MRC Vaudreuil-Soulanges, Terrasse-Vaudreuil (45.3923, 73.9922), 20IX2013 (18:00), white tulle fabric flight interception trap, P. de Tonnancour (1, CPTO); same except: 20V2016 (16:30) (1, CPTO); Montreal, rue Zotique-Racicot (45.5436, -73.6901), 21VIII2015, beaten from Celtis occidentalis, S. Dumont (1, CSDU); same except: 21V2016 (9, CSDU); same except: 22V2016 (4, CSDU); same except: 23V2016 (7, CPTO); same except: 24V2016 (3, CSDU); same except: 7VI2016 (1, CSDU); MRC Laval, Laval, rue des Charmes (45.5888, 73.8268), 20VII2016 (15:00), beaten from Celtis occidentalis, P. de Tonnancour (1, CPTO); MRC Vaudreuil-Soulanges, Terrasse-Vaudreuil (45.3927, -73.9922), 20VII2016, ex-larva from dead branch of Celtis occidentalis, P. de Tonnancour (3, CPTO); same except: 28-VII-2016 (1, CPTO); same except: 14-VIII-2016 (2, CPTO); same except: 15-VIII-2016 (1, CPTO); same except : 18-III-2017 (8, CNCI); MRC Laval, Laval, rue des Charmes (45.5846, 73.8226), 2IV2017, ex-larva from dead branch of Celtis occidentalis, P. de Tonnancour (5, CPTO).

Tribe Scolytini Latreille, 1804

Scolytus muticus Say, 1824, new to Quebec

Species identification confirmed by Hume Douglas, 2016

Note

As for the above-mentioned Phloeotribus dentifrons, this native species was previously thought to be confined in Canada to the southernmost part of Ontario (all 11 CNCI Canadian specimens are from Pelee Island and Point Pelee National Park). It occurs in association with common hackberry, Celtis occidentalis, in Quebec, but also with dwarf hackberry, Celtis tenuifolia Nutt. (Smith and Cognato 2014), an endangered species, in southern Ontario (COSEWIC 2003).
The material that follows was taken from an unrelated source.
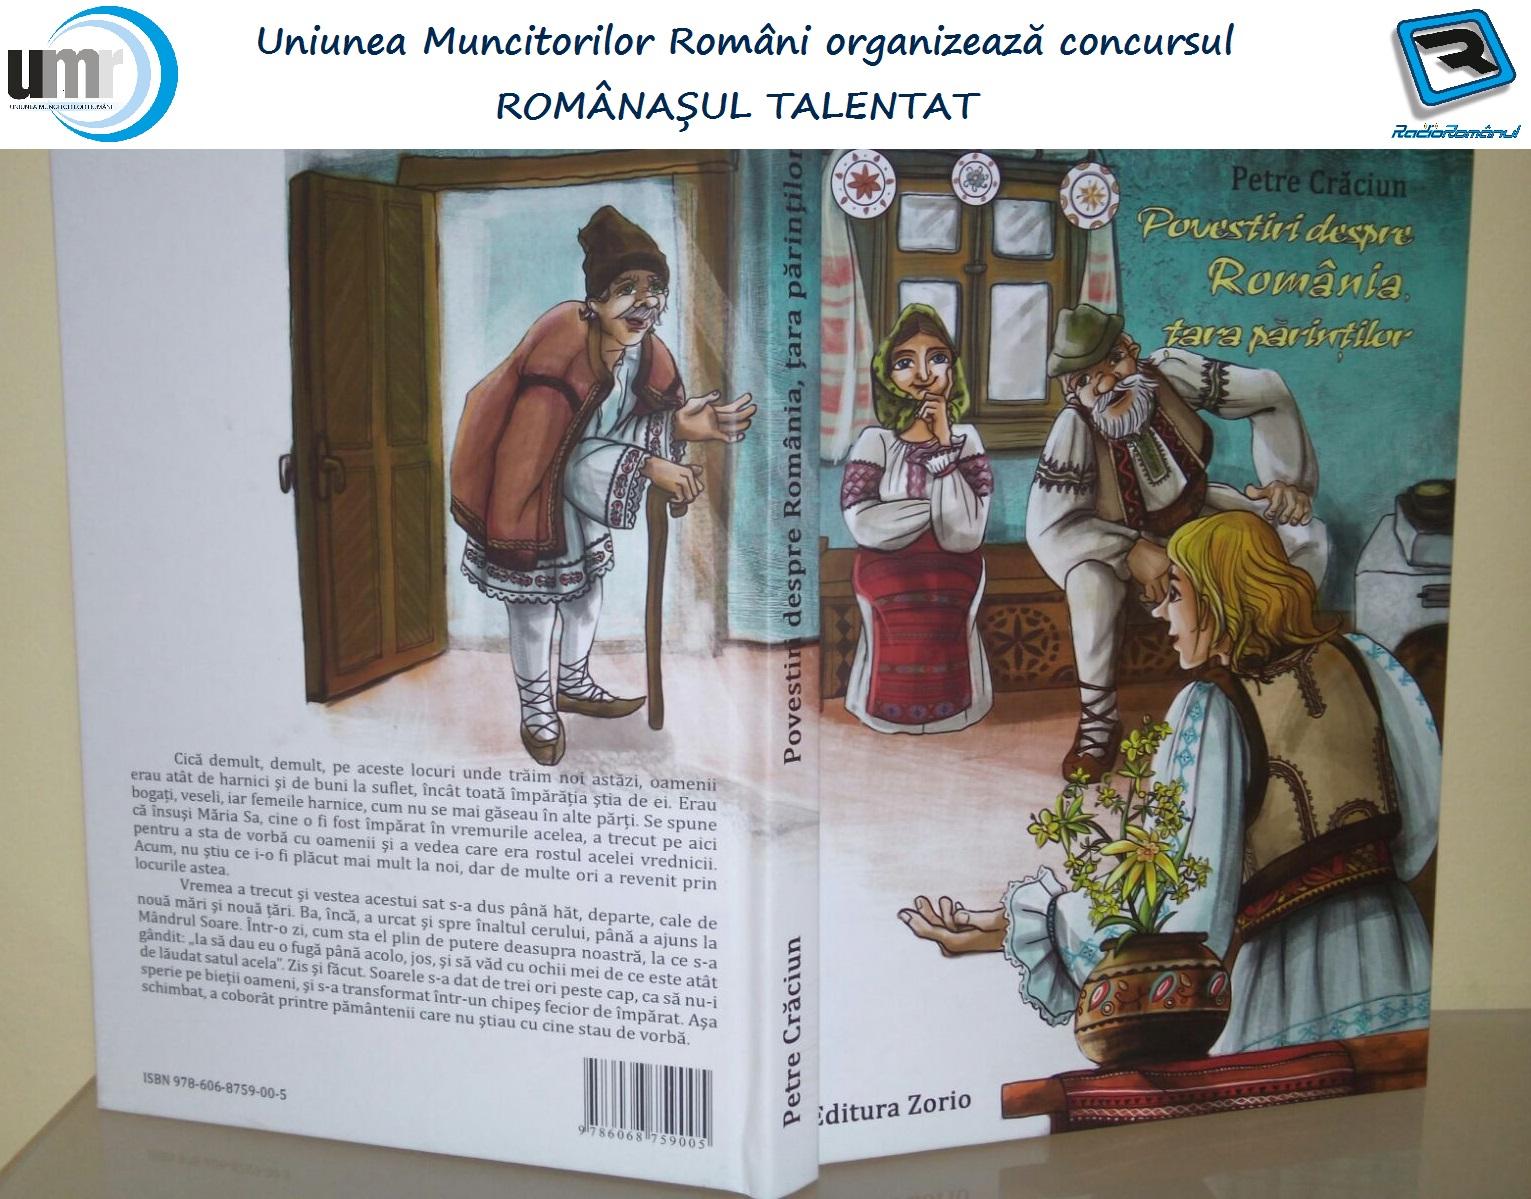 """Uniunea Muncitorilor Români organizează, cu sprijinul colaboratorilor, Concursul """"Românașul Talentat"""""""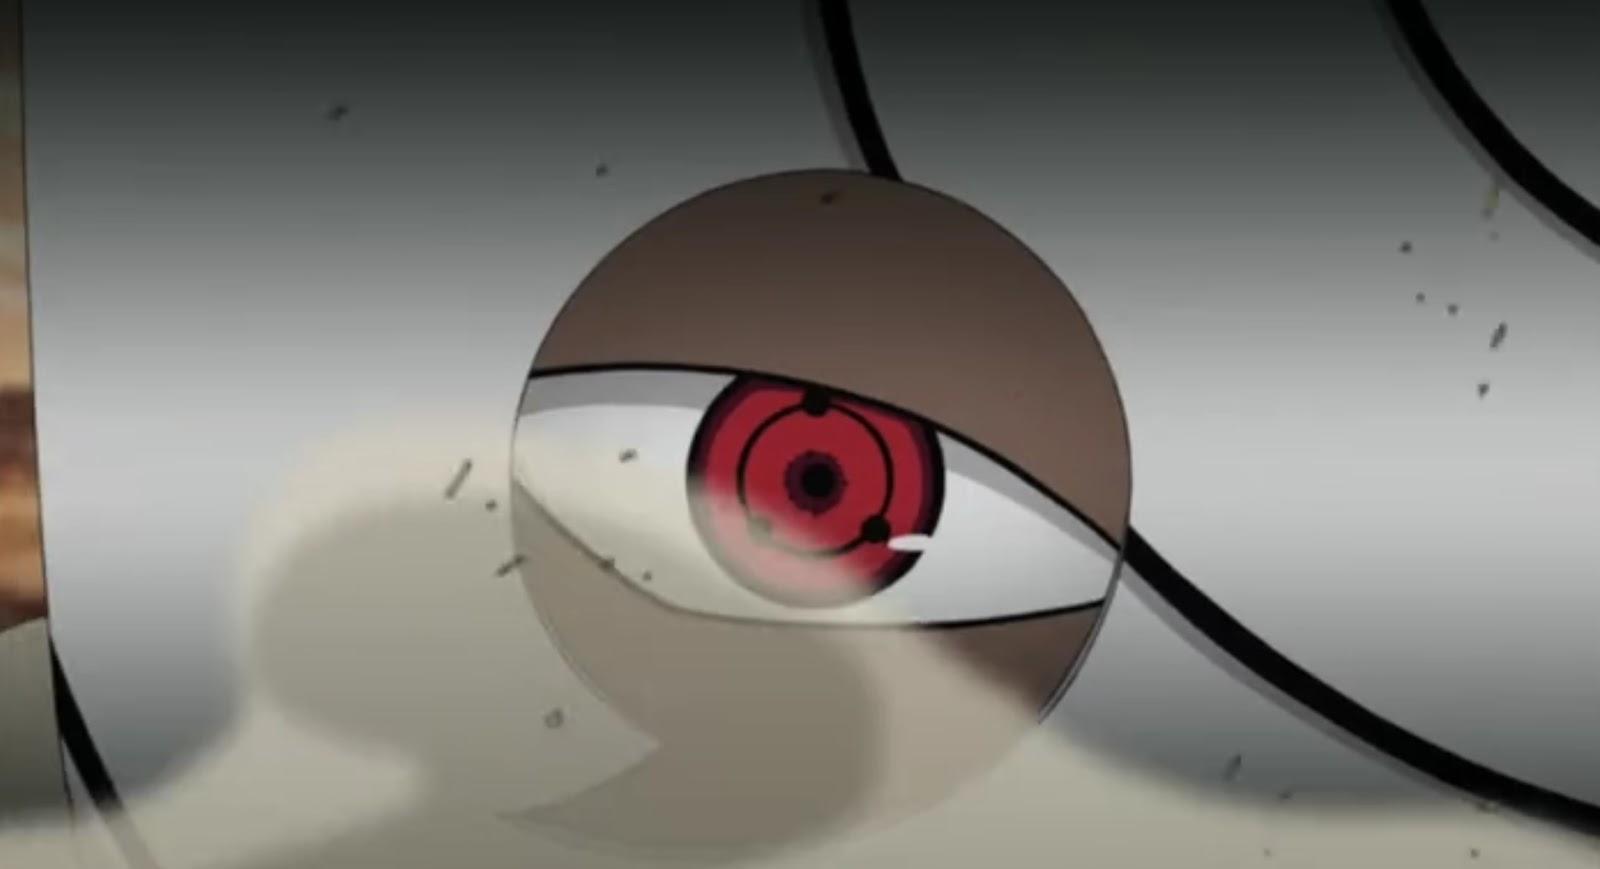 Naruto Shippuden Episódio 276, Assistir Naruto Shippuden Episódio 276, Assistir Naruto Shippuden Todos os Episódios Legendado, Naruto Shippuden episódio 276,HD

At 2.2–5.3mm, it is the largest member of the genus known to occur in Quebec.

Specimen data

MRC Vaudreuil-Soulanges, Terrasse-Vaudreuil, 14VI2016 (14:00), white tulle fabric flight interception trap, P. de Tonnancour (1, CPTO); MRC Laval, Laval, rue des Charmes (45.5846, -73.8226), 6VII2016 (15:00), beaten from Celtis occidentalis, P. de Tonnancour (1, CPTO).

Acknowledgements

The authors thank Serge Laplante (CSLA), Henri Miquet-Sage (CHMS), and Claude Tessier (CCTE) for providing label data of specimens in their collections, and Peter Mason (Agriculture and Agri-Food Canada, Ottawa, Canada) for providing survey data from Quebec. Thanks are also extended to Burke Korol and Claude Pilon for sharing their observations of Curculio rubidus in Ontario and Hypera rumicis in Quebec, respectively. Louise Girard and Marc Lachance are acknowledged for providing access to their property in the Saint-Anicet area, where three of the herein newly recorded species were collected. Hume Douglas (Agriculture and Agri-Food Canada, Ottawa, Canada) and Hiraku Yoshitake (Natural Resources Inventory Center, Tsukuba, Japan) confirmed the identification of the two Scolytinae and of some Curculionidae, as indicated above. We also thank Serge Laplante (Agriculture and Agri-Food Canada, Ottawa, Canada) and Gregory P. Setliff and David Langor for providing helpful comments and suggestions on the manuscript.